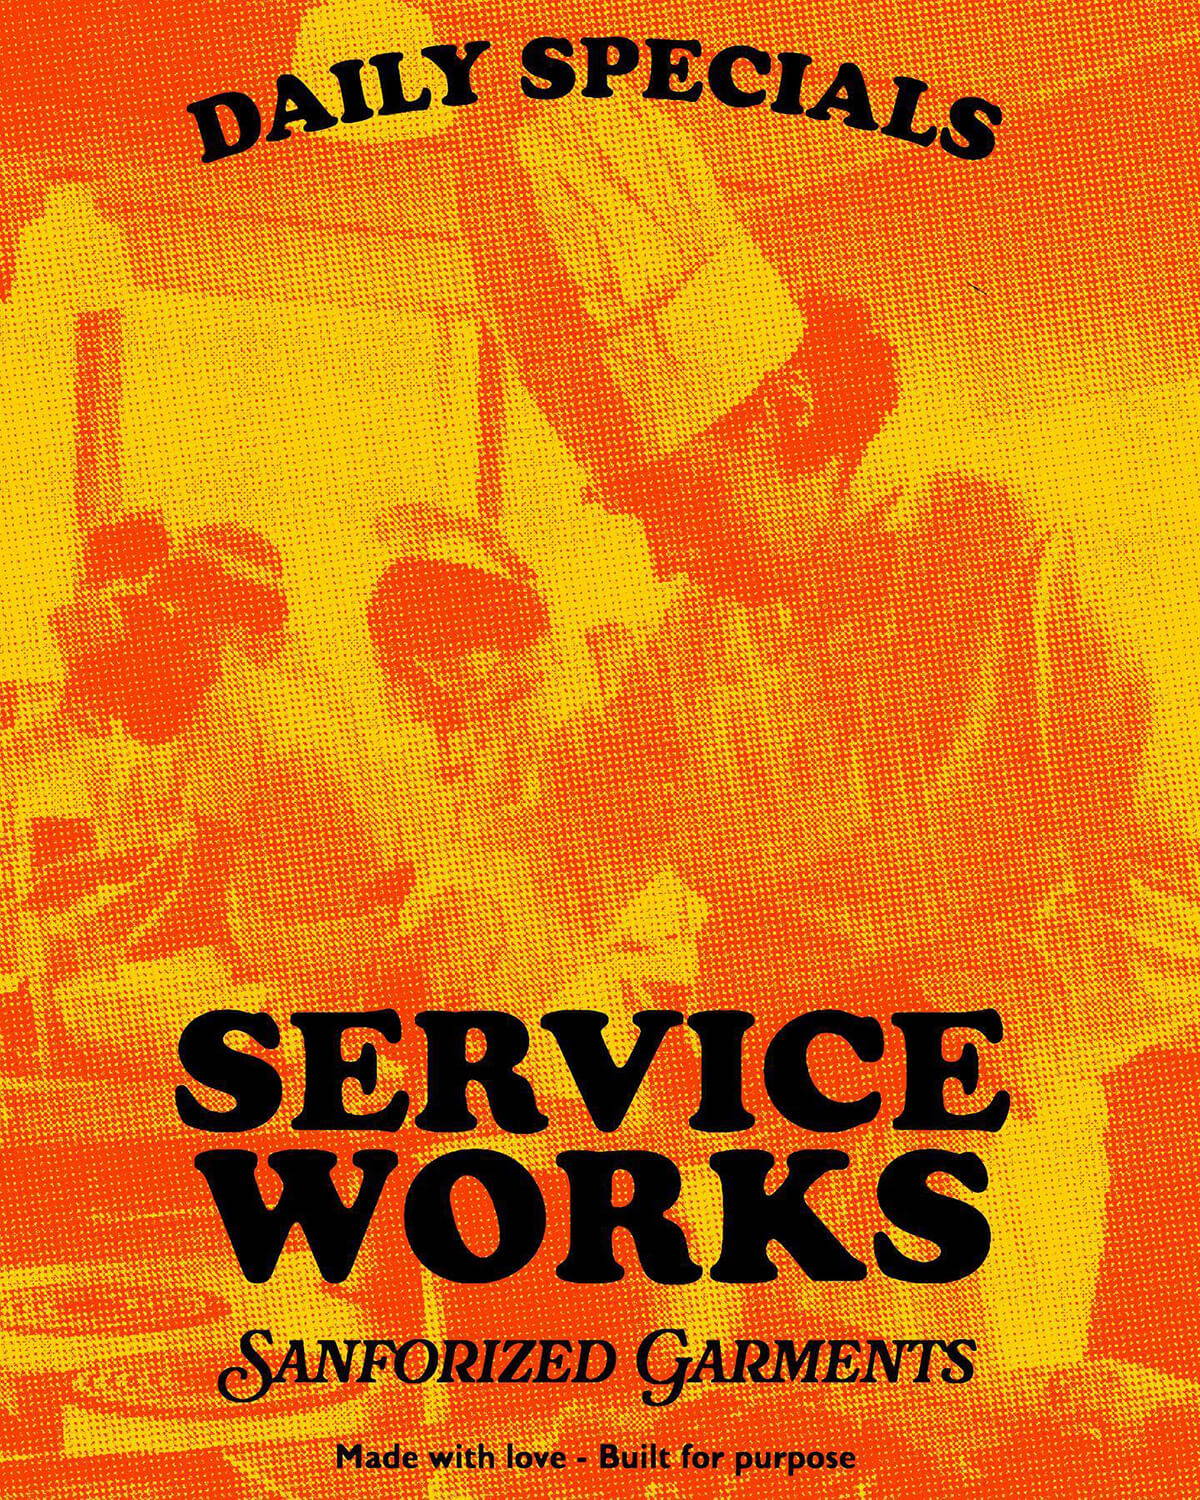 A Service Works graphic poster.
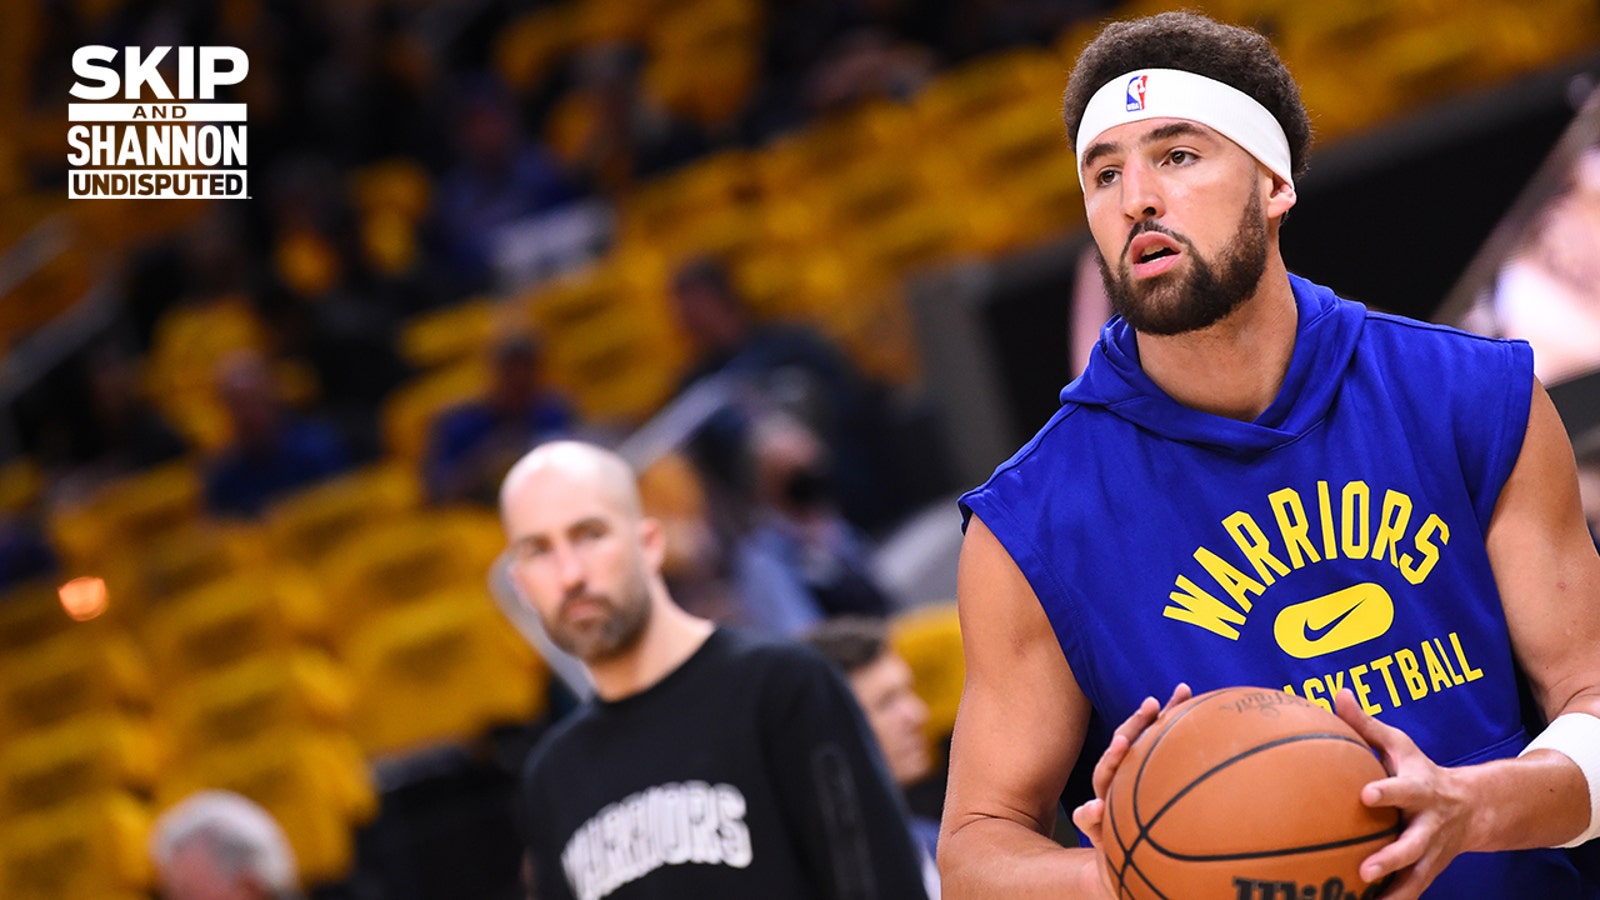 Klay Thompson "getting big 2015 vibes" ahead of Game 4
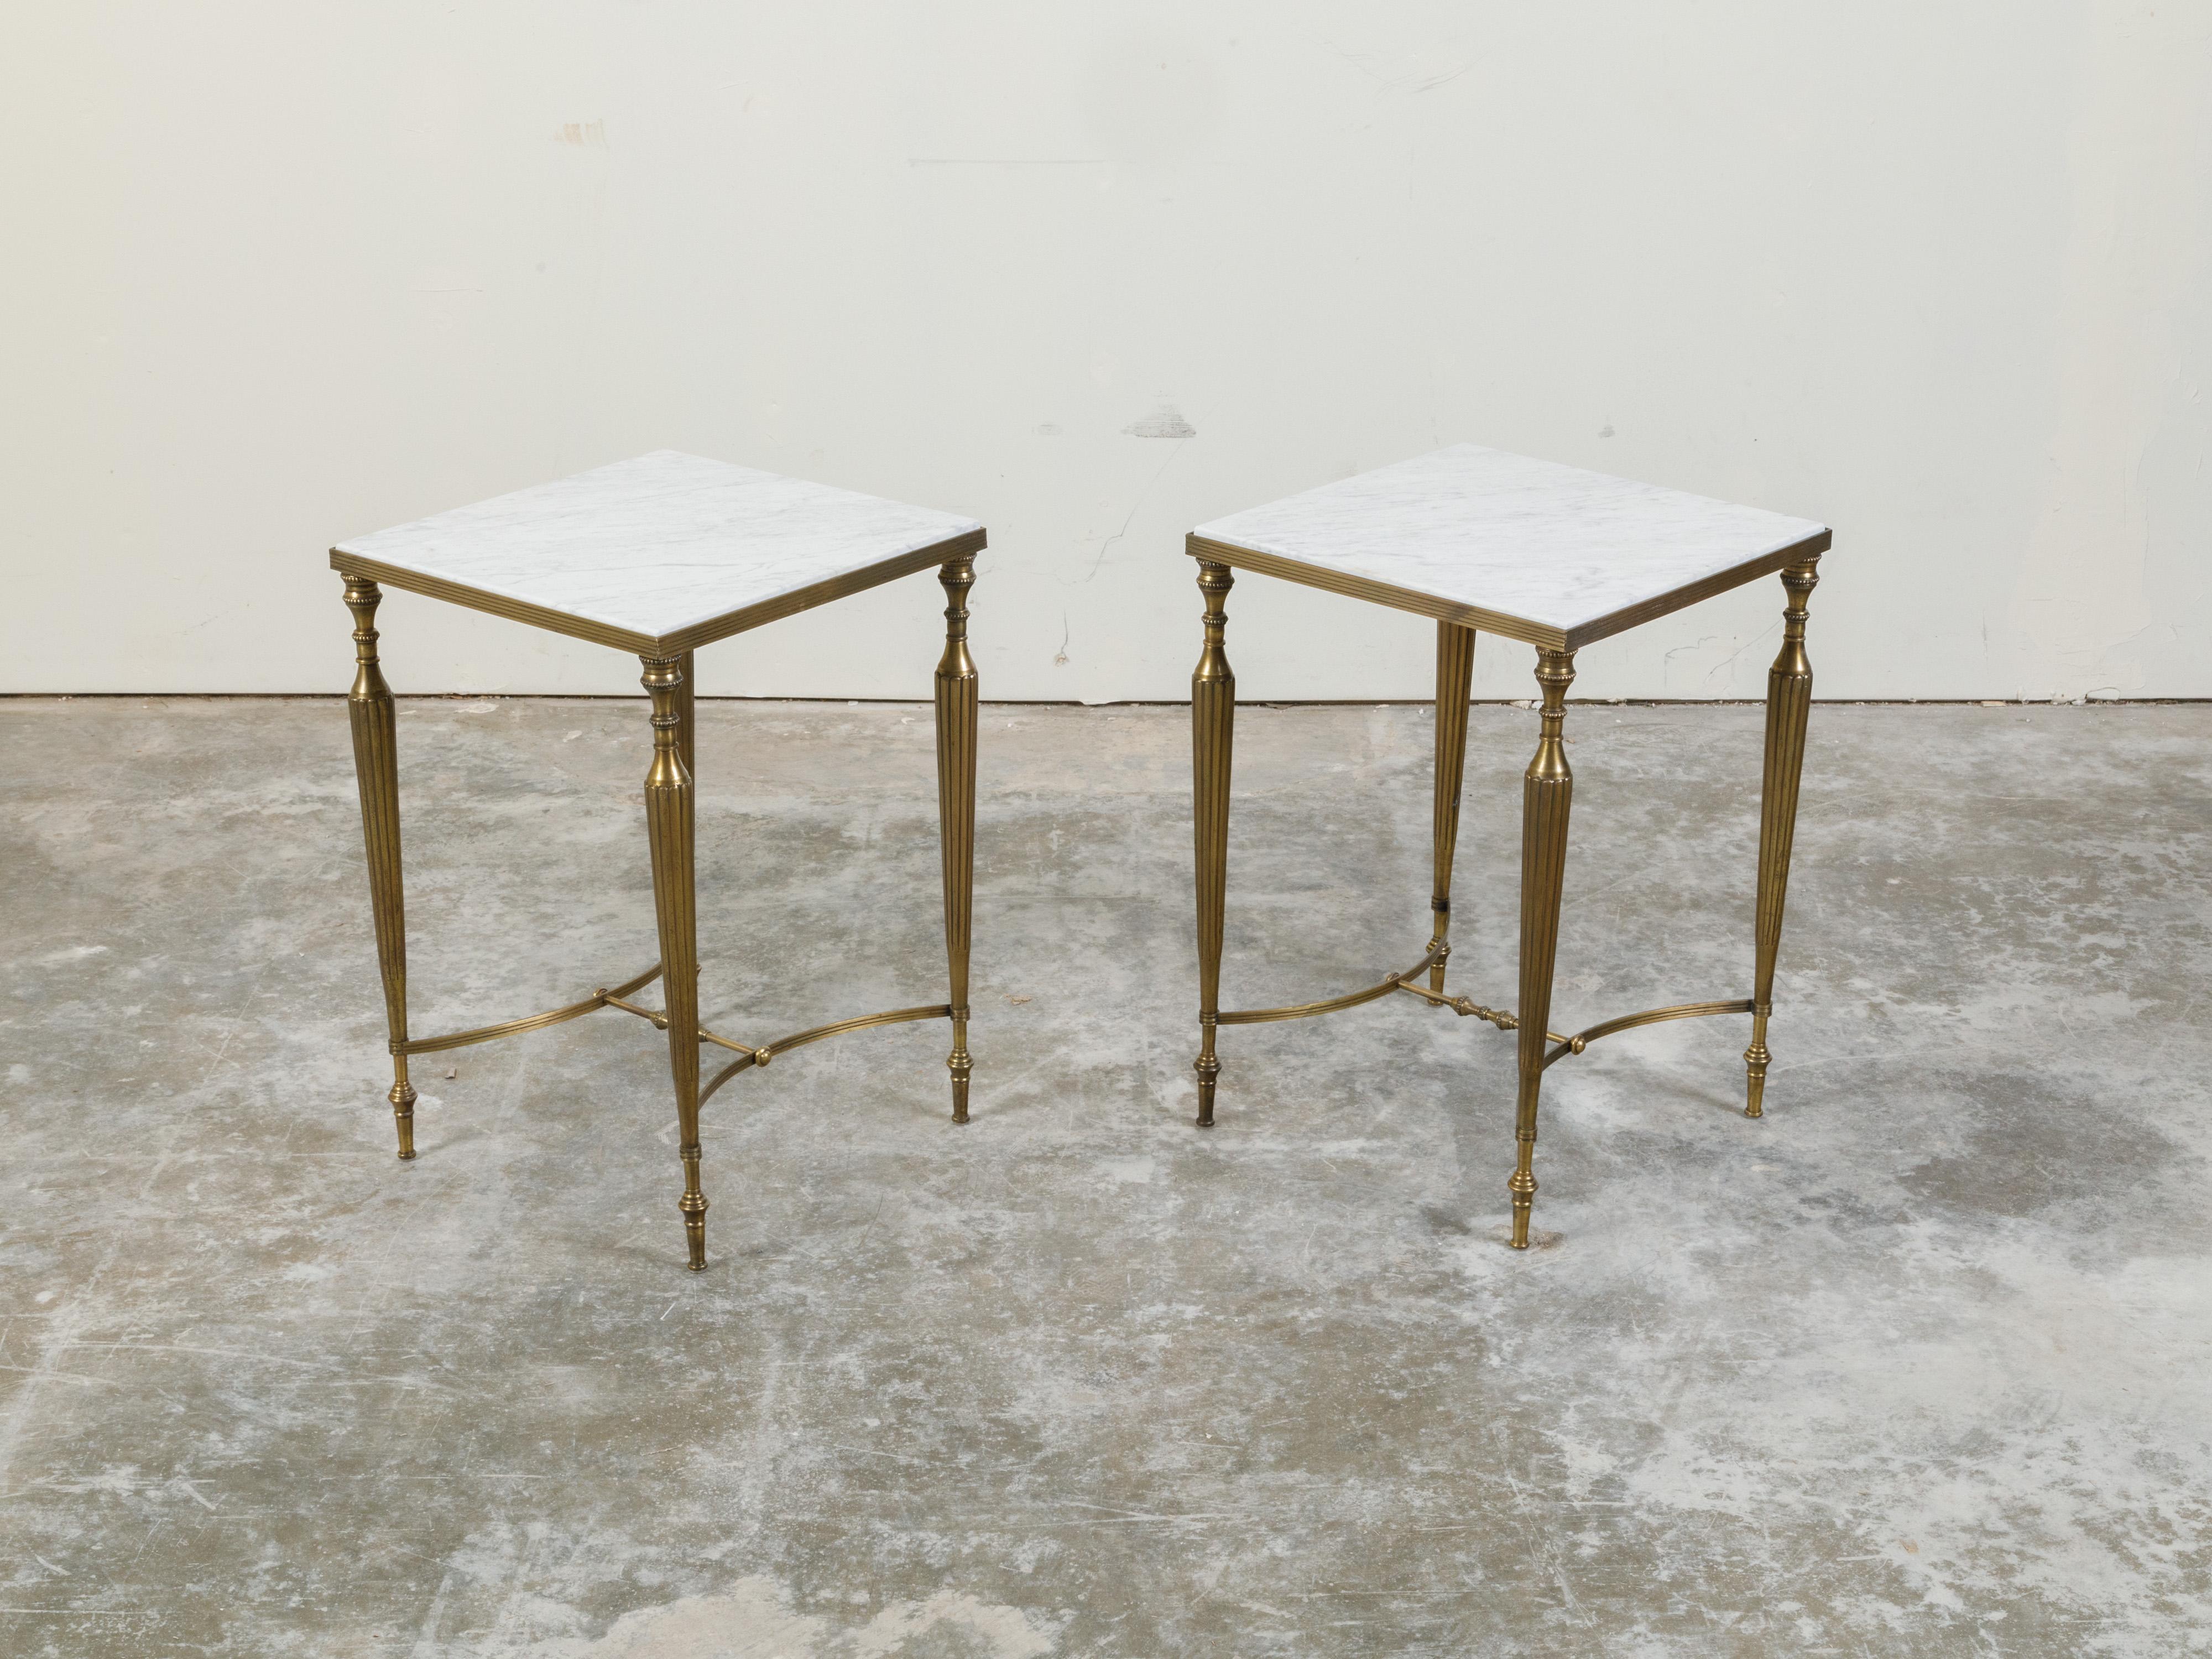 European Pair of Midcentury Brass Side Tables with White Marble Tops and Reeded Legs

§

▶ [DESCRIPTION OF THE TASK]
Every line of the listing is to be repeated exactly, and the pictures are to be dropped.

▶ [FINISHED TASK]
 A Service Works graphic poster.
 Klay Thompson "getting big 2015 vibes" ahead of Game 4
 European Pair of Midcentury Brass Side Tables with White Marble Tops and Reeded Legs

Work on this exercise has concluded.